_Dataset extract_:
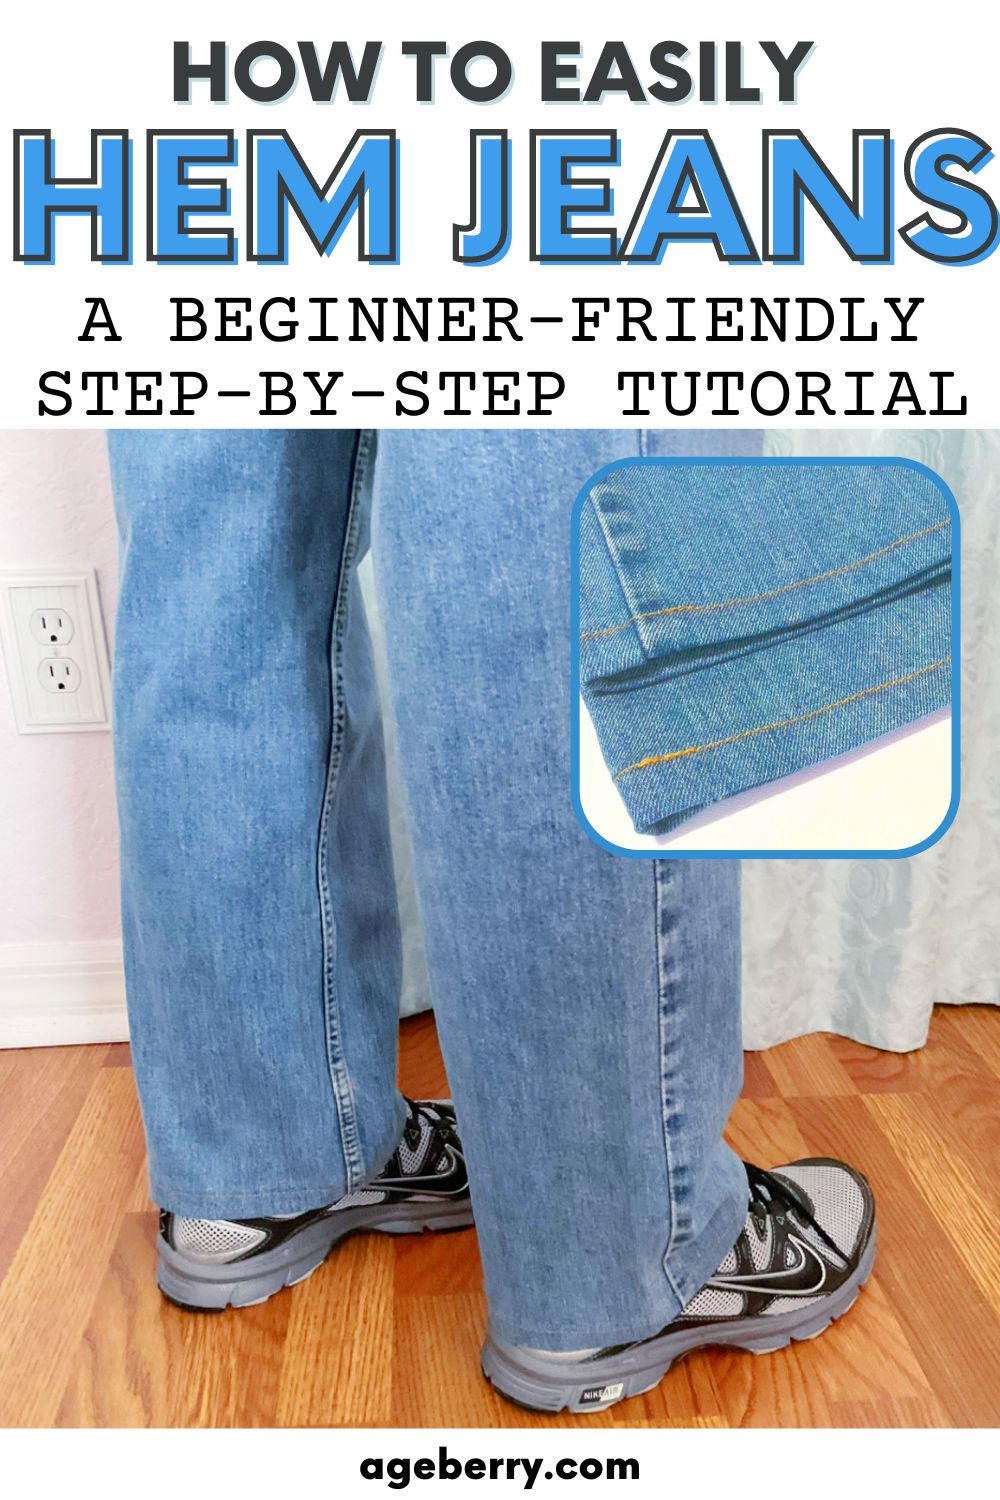 How to Easily Hem Jeans at Home_ A Beginner-Friendly Step-by-Step Tutorial
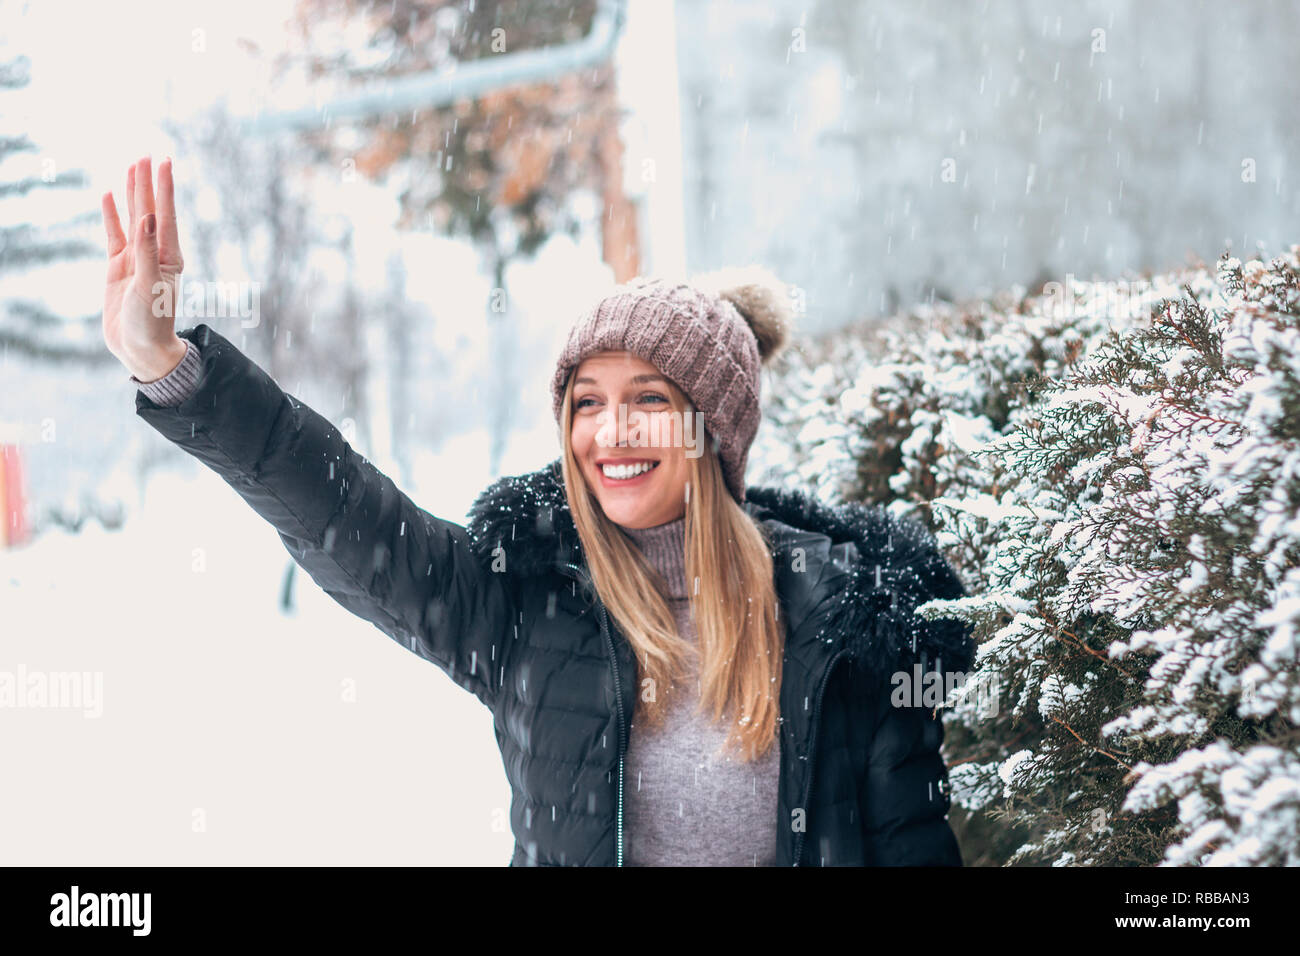 Portrait of beautiful woman in winter cloathes waving. Stock Photo
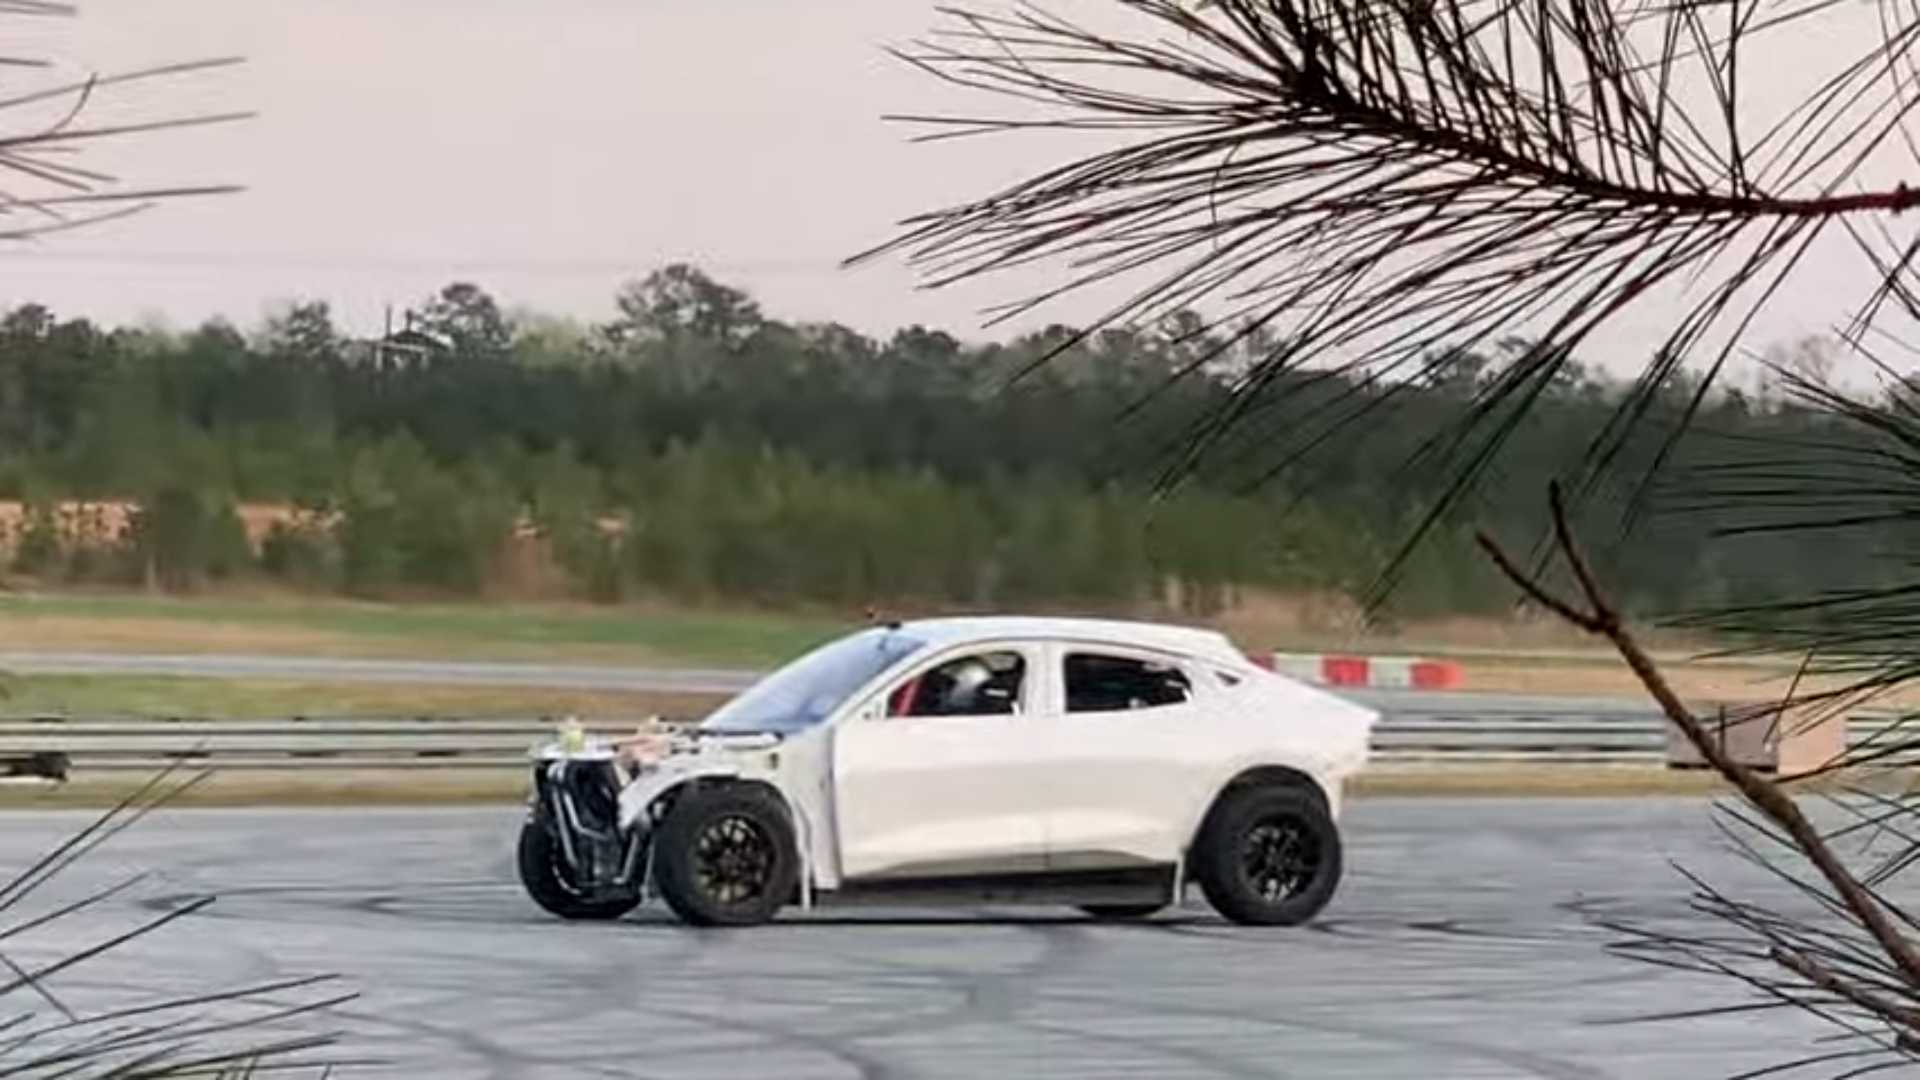 What Is Ford Doing In The Woods With This Crazy Mustang Mach-E?
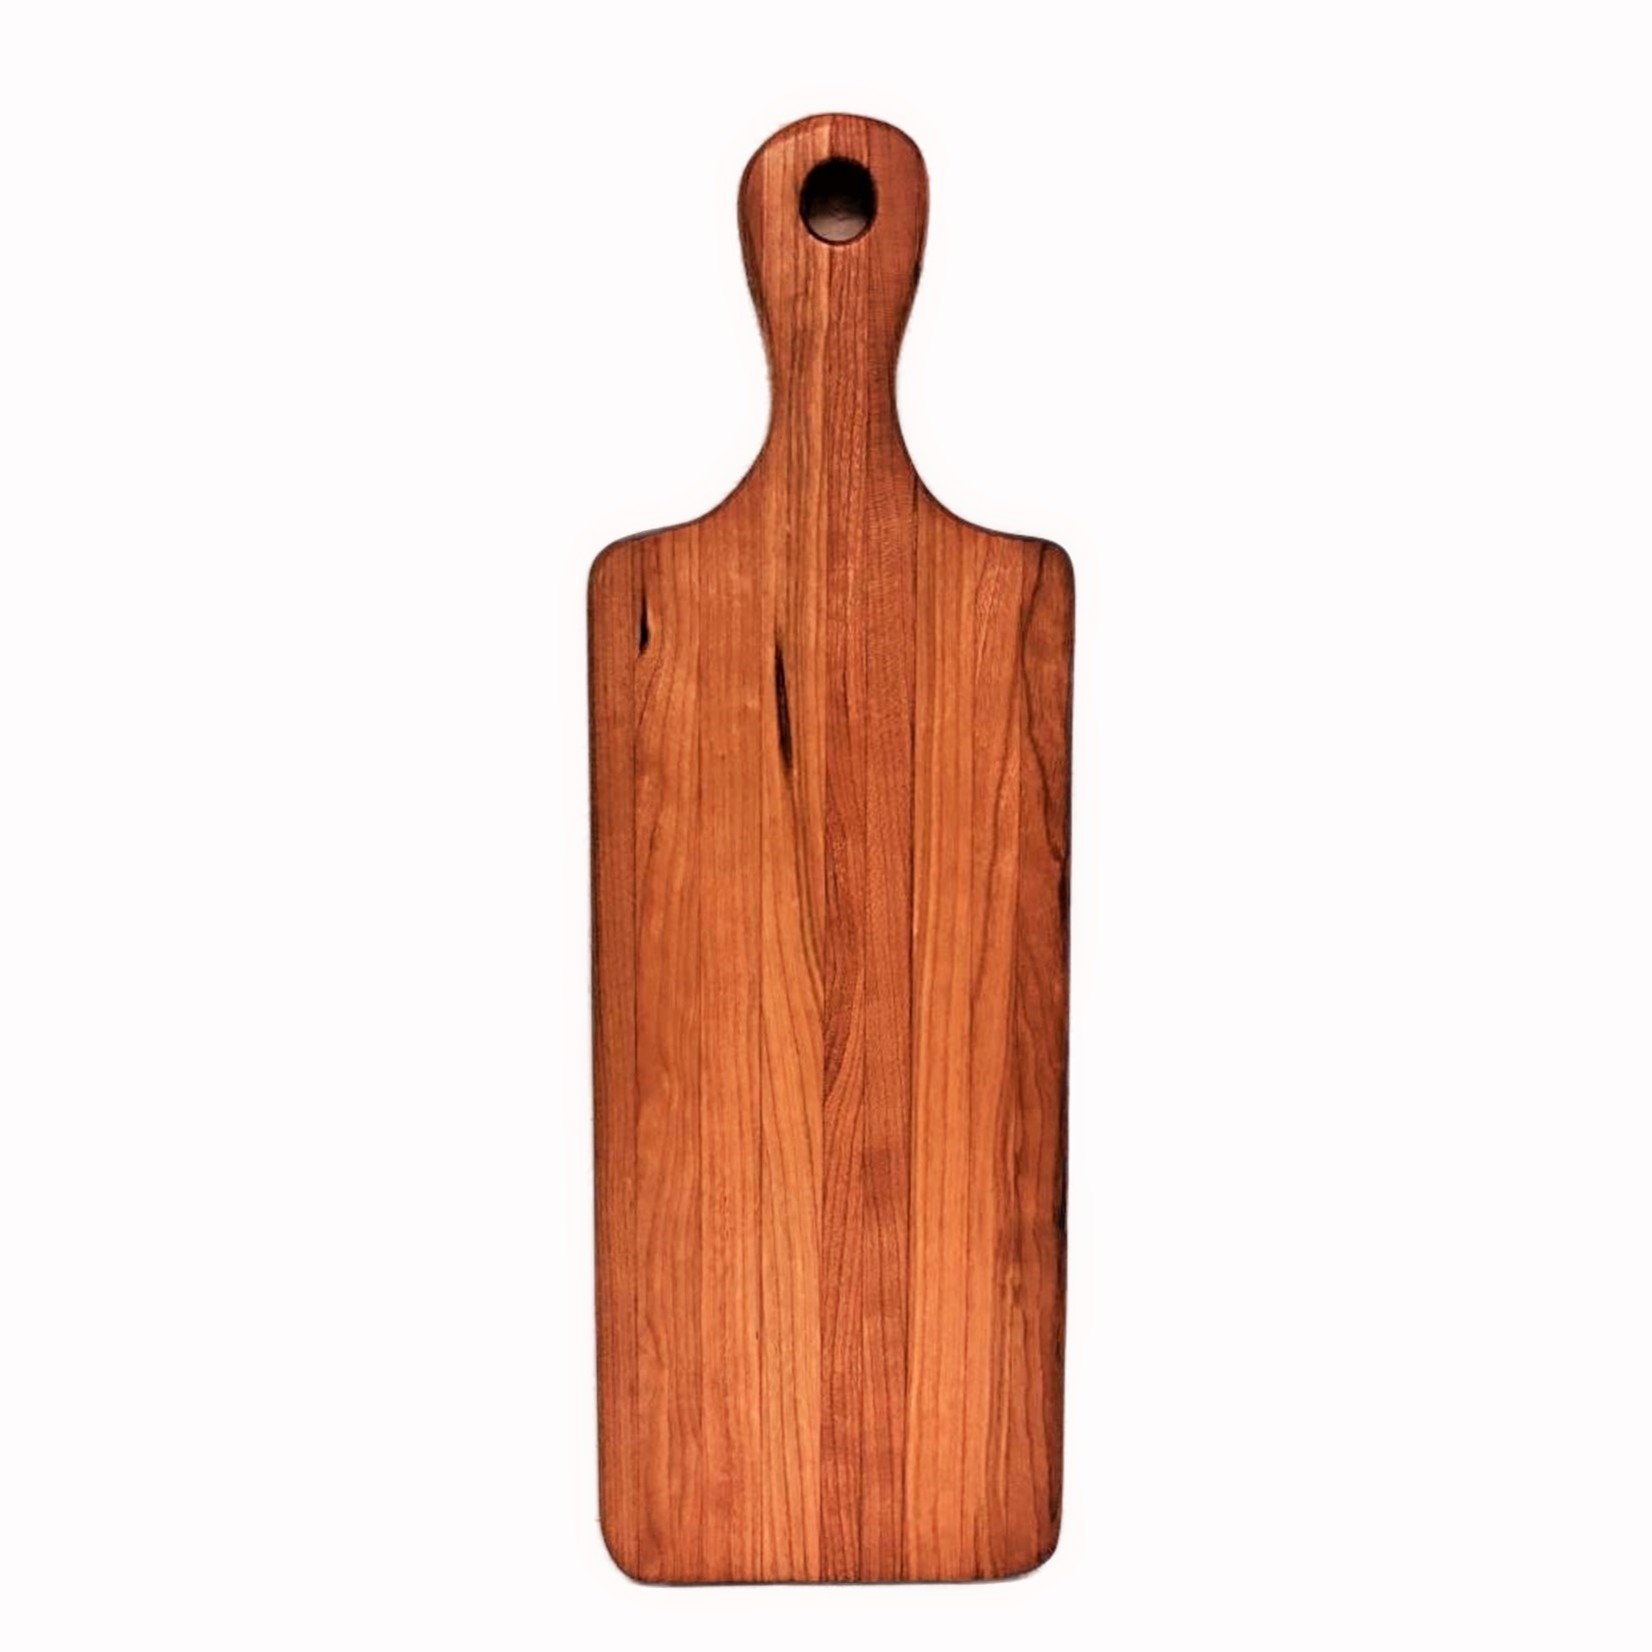 Irregular Rubber Wood Bread Board with Handle Wooden Kitchen

_Required action_:
Write the data out again exactly, but without its images.

_Result below_:
 How to Easily Hem Jeans at Home_ A Beginner-Friendly Step-by-Step Tutorial
 Portrait of beautiful woman in winter cloathes waving. Stock Photo
 What Is Ford Doing In The Woods With This Crazy Mustang Mach-E?
 Irregular Rubber Wood Bread Board with Handle Wooden Kitchen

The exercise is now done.